Please submit your results of **Val set** on

- 💯 v1 server (Closing Soon): [**CodaLab**](https://codalab.lisn.upsaclay.fr/competitions/15094)
- 💯 v2 server: [**CodaBench**](https://www.codabench.org/competitions/11420/).

It is strongly suggested to first evaluate your model locally using the **Val<sup>u</sup>** set before submitting your results of the **Val** to the online evaluation system.

## File Structure

The dataset follows a similar structure as [Refer-YouTube-VOS](https://youtube-vos.org/dataset/rvos/). Each split of the dataset consists of three parts: `JPEGImages`, which holds the frame images, `meta_expressions.json`, which provides referring expressions and metadata of videos, and `mask_dict.json`, which contains the ground-truth masks of objects.
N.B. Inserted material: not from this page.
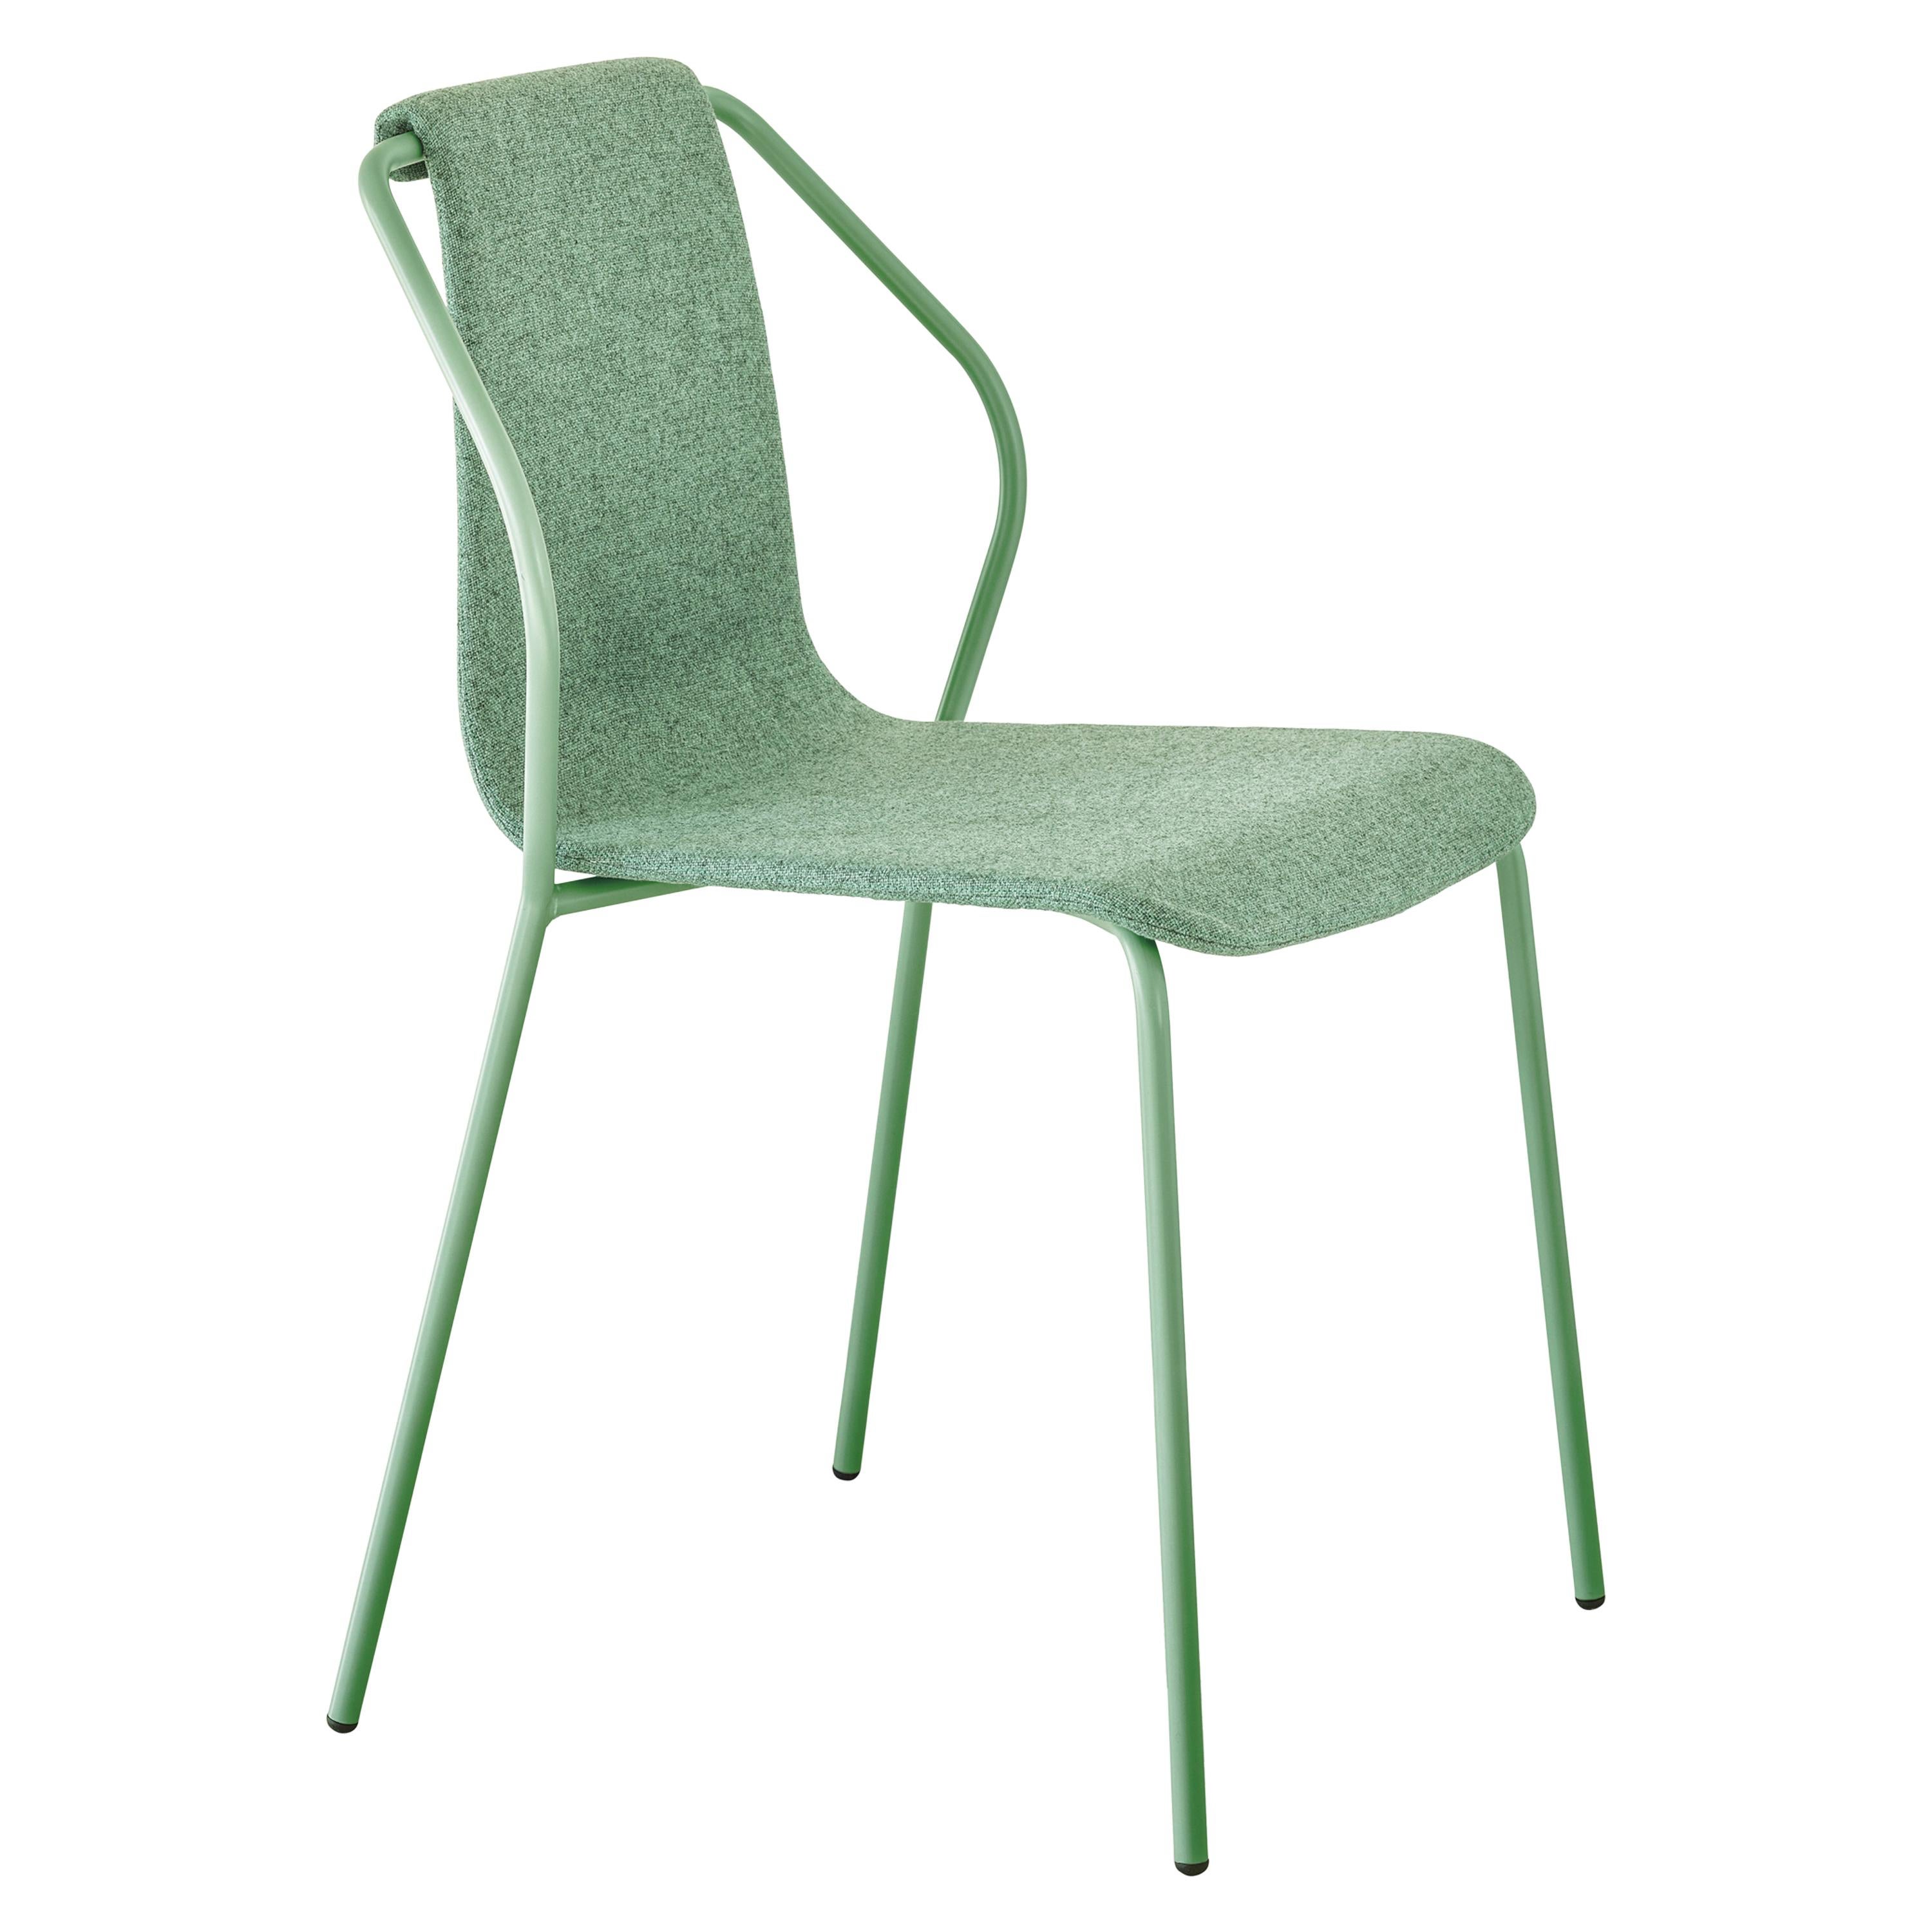 Baleri Italia Donna Indoor Chair in Green Fabric by Studio Irvine

Ground-truth segmentation masks are saved in the format of COCO RLE, and expressions are organized similarly like Refer-Youtube-VOS.
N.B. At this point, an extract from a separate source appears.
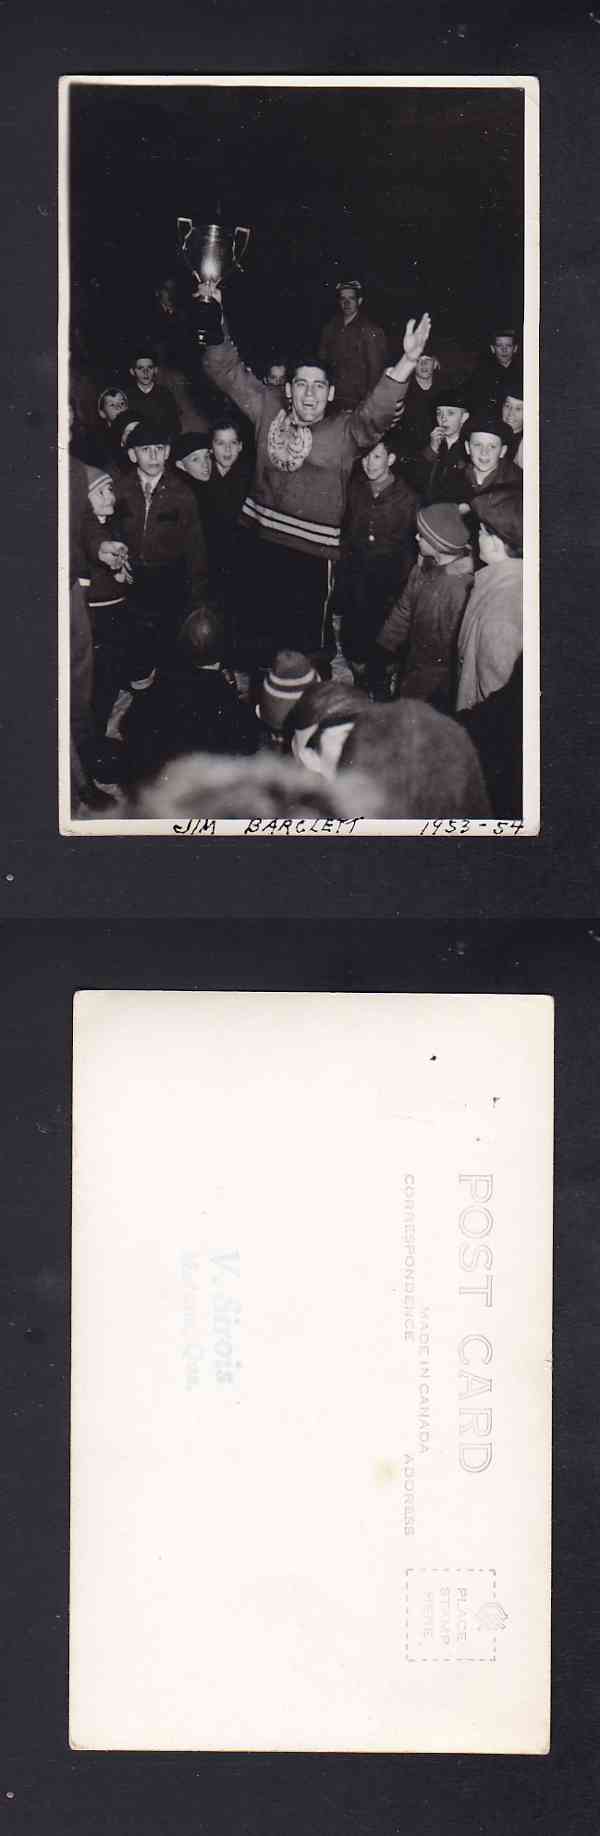 1953-54 MATANE RED ROCK HOCKEY TEAM POST CARD photo

Please note that while annotations for all frames in the **Train** set and the **Val<sup>u</sup>** set are provided, the **Val** set only provide frame images and referring expressions for inference.

```
mevis
├── train                       // Split Train
│   ├── JPEGImages
│   │   ├── <video #1  >
│   │   ├── <video #2  >
│   │   └── <video #...>
│   │
│   ├── mask_dict.json
│   └── meta_expressions.json
│
├── valid_u                     // Split Val^u
│   ├── JPEGImages
│   │   └── <video ...>
│   │
│   ├── mask_dict.json
│   └── meta_expressions.json
│
└── valid                       // Split Val
    ├── JPEGImages
    │   └── <video ...>
    │
    └── meta_expressions.json

```

## BibTeX

Please consider to cite MeViS if it helps your research.

```latex
@inproceedings{MeViS,
  title={{MeViS}: A Large-scale Benchmark for Video Segmentation with Motion Expressions},
  author={Ding, Henghui and Liu, Chang and He, Shuting and Jiang, Xudong and Loy, Chen Change},
  booktitle={ICCV},
  year={2023}
}
```

```latex
@inproceedings{GRES,
  title={{GRES}: Generalized Referring Expression Segmentation},
  author={Liu, Chang and Ding, Henghui and Jiang, Xudong},
  booktitle={CVPR},
  year={2023}
}
```

```latex
@article{VLT,
  title={{VLT}: Vision-language transformer and query generation for referring segmentation},
  author={Ding, Henghui and Liu, Chang and Wang, Suchen and Jiang, Xudong},
  journal={IEEE Transactions on Pattern Analysis and Machine Intelligence},
  year={2023},
  publisher={IEEE}
}
```

A majority of videos in MeViS are from [MOSE: Complex Video Object Segmentation Dataset](https://henghuiding.github.io/MOSE/).

```latex
@inproceedings{MOSE,
  title={{MOSE}: A New Dataset for Video Object Segmentation in Complex Scenes},
  author={Ding, Henghui and Liu, Chang and He, Shuting and Jiang, Xudong and Torr, Philip HS and Bai, Song},
  booktitle={ICCV},
  year={2023}
}
```

MeViS is licensed under a CC BY-NC-SA 4.0 License. The data of MeViS is released for non-commercial research purpose only.